Demographic information of the participants
Between 2006 and 2020, eight Burmese individuals were newly diagnosed with HIV in Baoshan, China. The participants included six females and two males, with ages ranging from twenty-one to forty-two years old in 2020, and ethnicities including Lisu, Dai, Han, and Jingpo (Table 1). Most participants were either uneducated or had only received primary education, and all were farmers. The majority were married, but three participants were unmarried. The primary route of HIV transmission was heterosexual contact, with only one male infected through needle sharing (Table 1).
Prevalence of known subtypes of HIV strains
The maximum likelihood tree, constructed using near full-length genomes of HIV, showed that among the eight sequences amplified from Burmese PLHIV in Baoshan, only one sequence (YN33F28) clustered with the known subtype C, and one sequence (YN9M24) clustered with the known CRF08_BC, suggesting that they likely belonged to subtype C and CRF08_BC, respectively (Fig. 1). The remaining six sequences did not cluster with any known subtypes, indicating that they might have represented newly formed recombinant strains (Fig. 1). These findings were corroborated by a neighbor-joining tree incorporating reference sequences of all HIV subtypes and CRFs (Figure S1).
Maximum likelihood tree based on the near full-length genome of HIV. The red triangles represent the sequences amplified in this study, and the black circles represent the similar sequences downloaded from the HIV database. The sectorial shadings in different colors are used to distinguish different HIV subtypes
The Bootscan plot of sequence YN33F28 showed that it was most similar to HIV subtype C, with no recombination breakpoints, further confirming that it was indeed subtype C (Fig. 2A). The Bootscan plot of sequence YN9M24 demonstrated that its recombination structure was consistent with that of CRF08_BC, which was formed by recombination between subtype B and subtype C. It contained three subtype B fragments and three subtype C fragments, separated by five breakpoints (Fig. 2B).
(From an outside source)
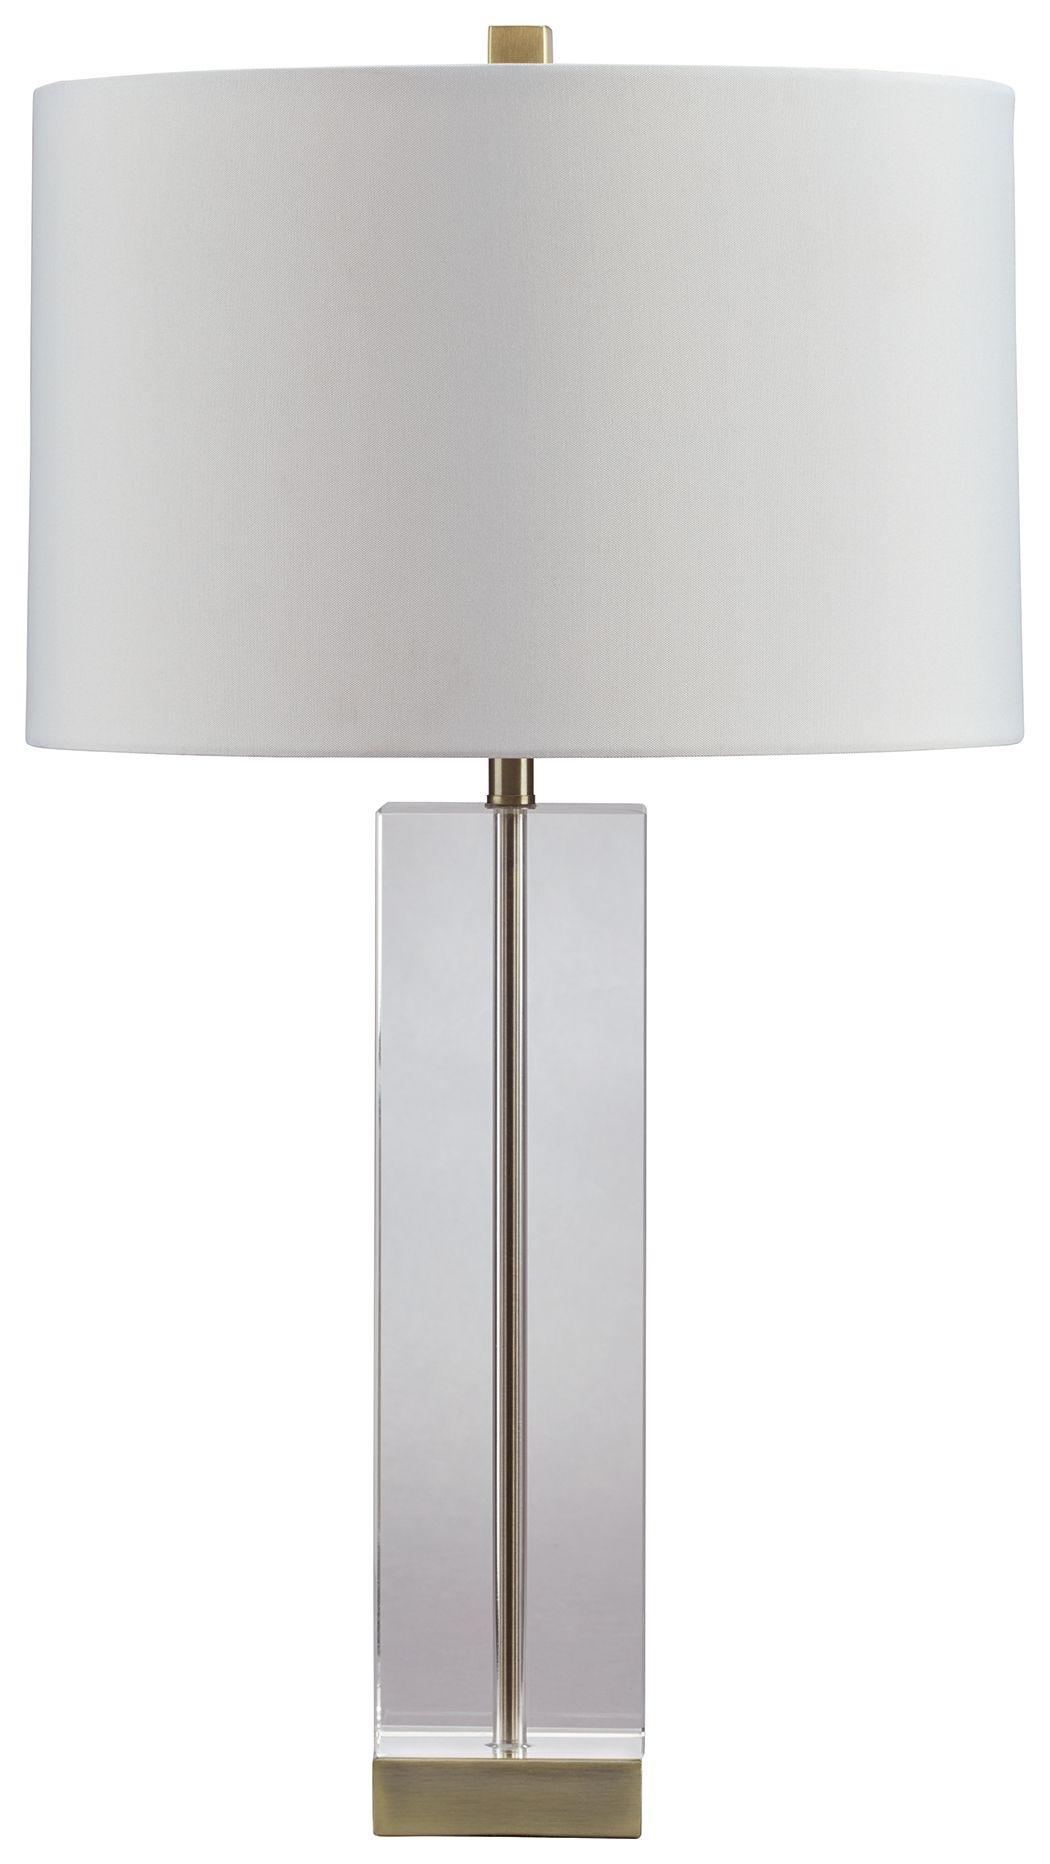 Ashley Furniture - Teelsen - Clear / Gold Finish - Crystal Table Lamp - 5th Avenue Furniture

These results further confirmed that sequence YN9M24 belonged to CRF08_BC.

Bootscan plots of HIV sequences of known subtypes. (A) Subtype C; (B) CRF08_BC. In each plot, the lines in different colors represent the reference sequences of different subtypes, and the black arrows indicate the shared breakpoints among different HIV sequences
Recombinant strains formed through second-generation recombination
The maximum likelihood tree revealed that sequences YN36F38, YN35F22, YN34F21, YN7F27, and YN32M22 clustered with known CRFs (CRF82_cpx, CRF86_BC, and CRF178_BC) and a URF (KY406739), respectively. However, these sequences were positioned closer to the root of the phylogenetic tree compared to their corresponding reference sequences, indicating that they were genetically closely related but not identical to the reference sequences. This suggested that they might have been recombinant strains formed through second-generation recombination involving these reference sequences (Fig. 1).
Bootscan analysis further supported this hypothesis. YN36F38 exhibited a recombination structure in the latter half of the genome identical to that of CRF82_cpx, with three shared recombination breakpoints (Fig. 3A). Similarly, YN35F22 shared a recombination structure in the latter half of the genome with CRF86_BC, with five shared recombination breakpoints (Fig. 3B). Meanwhile, YN34F21 and YN7F27 each shared four and three recombination breakpoints with CRF178_BC, respectively (Fig. 3C). YN32M22, on the other hand, shared two recombination breakpoints with KY406739 in both the anterior and posterior regions of the genome (Fig. 4). These findings provided further evidence that these five sequences (YN36F38, YN35F22, YN34F21, YN7F27, and YN32M22) represent recombinant strains resulting from second-generation recombination involving known CRFs or URFs.

Bootscan plots of second-generation recombinant HIV sequences composed of CRFs. (A) CRF82_cpx; (B) CRF86_BC; (C) CRF178_BC. In each plot, the lines in different colors represent the reference sequences of different subtypes, and the black arrows indicate the shared breakpoints among different HIV sequences

Bootscan plots of second-generation recombinant HIV sequences composed of URF_BC. In each plot, the lines in different colors represent the reference sequences of different subtypes, and the black arrows indicate the shared breakpoints among different HIV sequences
Maximum likelihood trees constructed from the subregions of these five sequences revealed that their identical fragments clustered with their respective parental sequences (Figure S2). This observation further supports the conclusion that these sequences are second-generation recombinants derived from known CRFs or URFs.
Newly formed URFs
The remaining sequence, YN8F28, did not cluster with any known subtypes, CRFs, or URFs. Instead, it positioned closer to the root of the phylogenetic tree, suggesting that it was genetically distant from known sequences and might have represented newly formed URF (Fig. 1).
Bootscan analysis confirmed that YN8F28 was a recombinant strain derived from HIV subtypes B and C, as well as CRF01_AE, comprising four subtype B fragments, six subtype C fragments, and four CRF01_AE fragments (Fig. 5). Although phylogenetically positioned between CRF82_cpx and CRF83_cpx (Fig. 1), YN8F28 shared no recombination breakpoints with these CRFs (Fig. 5). These findings indicated that YN8F28 was a novel URF arising from complex recombination events involving multiple HIV subtypes.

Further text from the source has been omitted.